Suzdak, PhD. “We are also pleased that we were able to strengthen
the balance sheet recently which will allow us to increase the
momentum for the clinical development of our pipeline.”
Pipeline Update:
Supinoxin™ (RX-5902)
The Phase I dose-escalation clinical trial of Supinoxin
(RX-5902) in cancer patients with solid tumors began enrolling
patients in August 2013. Patient enrollment in the third dosing
group was recently initiated, and Rexahn anticipates updating
investors with available clinical data from this trial by the end
of the first quarter of 2014. The Phase I trial is designed to
evaluate the safety, tolerability, and the maximal tolerated dose
of Supinoxin. This evaluation is being conducted in three clinical
oncology centers in the United States. Each patient has the ability
to continue on the drug up to six cycles of treatment. Patients are
assessed by CT or MRI prior to the start of therapy and after every
two cycles of therapy to track tumor progression.
RX-3117
Rexahn is preparing to initiate a Phase I clinical trial of
RX-3117 in cancer patients with solid tumors in December 2013. The
design of this study is based partially on the initial data
obtained in an exploratory Phase I clinical trial of RX-3117 in
cancer patients conducted in Europe in 2012. This upcoming
dose-escalation clinical trial will be conducted in multiple
clinical sites in the U.S. for cancer patients with solid tumors.

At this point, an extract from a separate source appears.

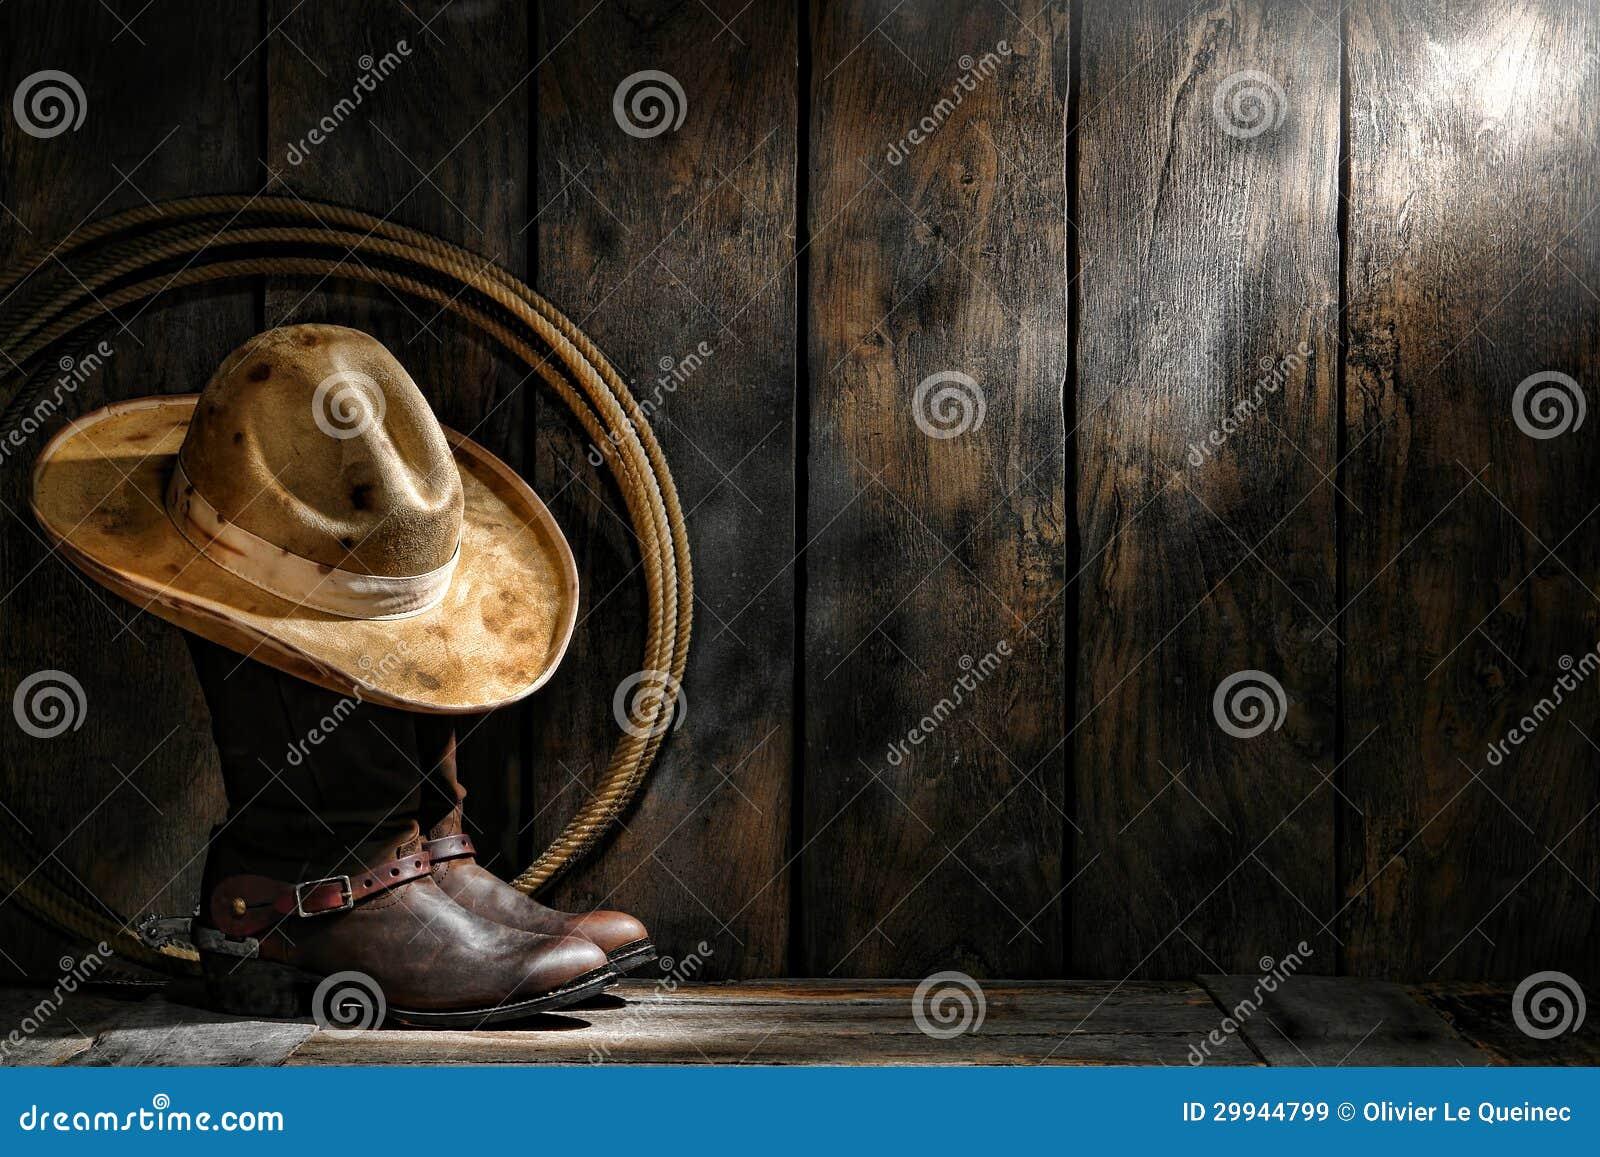 El sombrero de fieltro usado sucio del vaquero del oeste americano del  rodeo encima de botas de trabajo de cuero gastadas del cordelero del  ranchero con los ... 4f56ee0da89

Patients will receive RX-3117 orally three times a week for three
weeks followed by one week off. Patients will have the ability to
continue on the drug up to eight cycles of treatment. The decision
to enroll the next group of patients and escalate the dose will be
made after one cycle of treatment, based on safety and
tolerability. Patients will be assessed for tumor progression by CT
or MRI prior to the start of therapy and after every two cycles of
therapy.
Rexahn is in active discussions with potential licensing
partners for RX-3117 and will update the financial community as
appropriate.
In September 2013, Prof. Dr. Godefridus J. (Frits) Peters, Head
Laboratory Medical Oncology, VU University Medical Center,
Amsterdam, The Netherlands, published a peer reviewed publication
entitled “Metabolism, mechanism of action and sensitivity profile
of fluorocyclopentenylcytosine (RX-3117)” in the medical journal,
Investigational New Drugs.
Archexin®
Following a comprehensive scientific, clinical and business
analysis of potential cancer indications for a new Phase IIa
clinical trial with Archexin®, Rexahn has decided to pursue
metastatic renal cell carcinoma (RCC). Metastatic RCC represents an
attractive market opportunity with an estimated annual incidence of
90,000 patients world-wide and potential market size of greater
than $6 billion. Metastatic RCC patients receiving standard of care
treatment have a poor prognosis with an overall survival of less
than 2 years. Rexahn has been working with key opinion leaders to
finalize the design of a Phase IIa clinical trial and anticipates
initiating the clinical trial in December 2013.
In preclinical studies, Archexin has shown to inhibit the growth
of human RCC cells in both tissue cultures and in animal xenograft
models. In addition, Archexin may have the ability to prevent the
development of resistance to existing therapies for RCC. Rexahn has
received the U.S. Food and Drug Administration’s Orphan Drug
Designation for this indication.
“We’ve worked with our scientific advisory board and key opinion
leaders to select RCC as the optimal first treatment indication to
pursue for our Phase IIa trial of Archexin. The combination of
strong scientific data, addressable market, unmet clinical need,
and our Orphan Drug Designation were all driving factors for
choosing this indication,” commented Dr. Suzdak. "We are preparing
to initiate our trial next month.”
Financial Update:
For the nine month period ending September 30, 2013, total
operating expenses were $5.6 million. Rexahn’s cash and cash
equivalents including marketable securities and restricted cash as
of September 30, 2013 totaled approximately $15.5 million. In
addition, on October 16, 2013, Rexahn completed a $5.3 million
registered direct offering for a purchase price of $0.52 per share.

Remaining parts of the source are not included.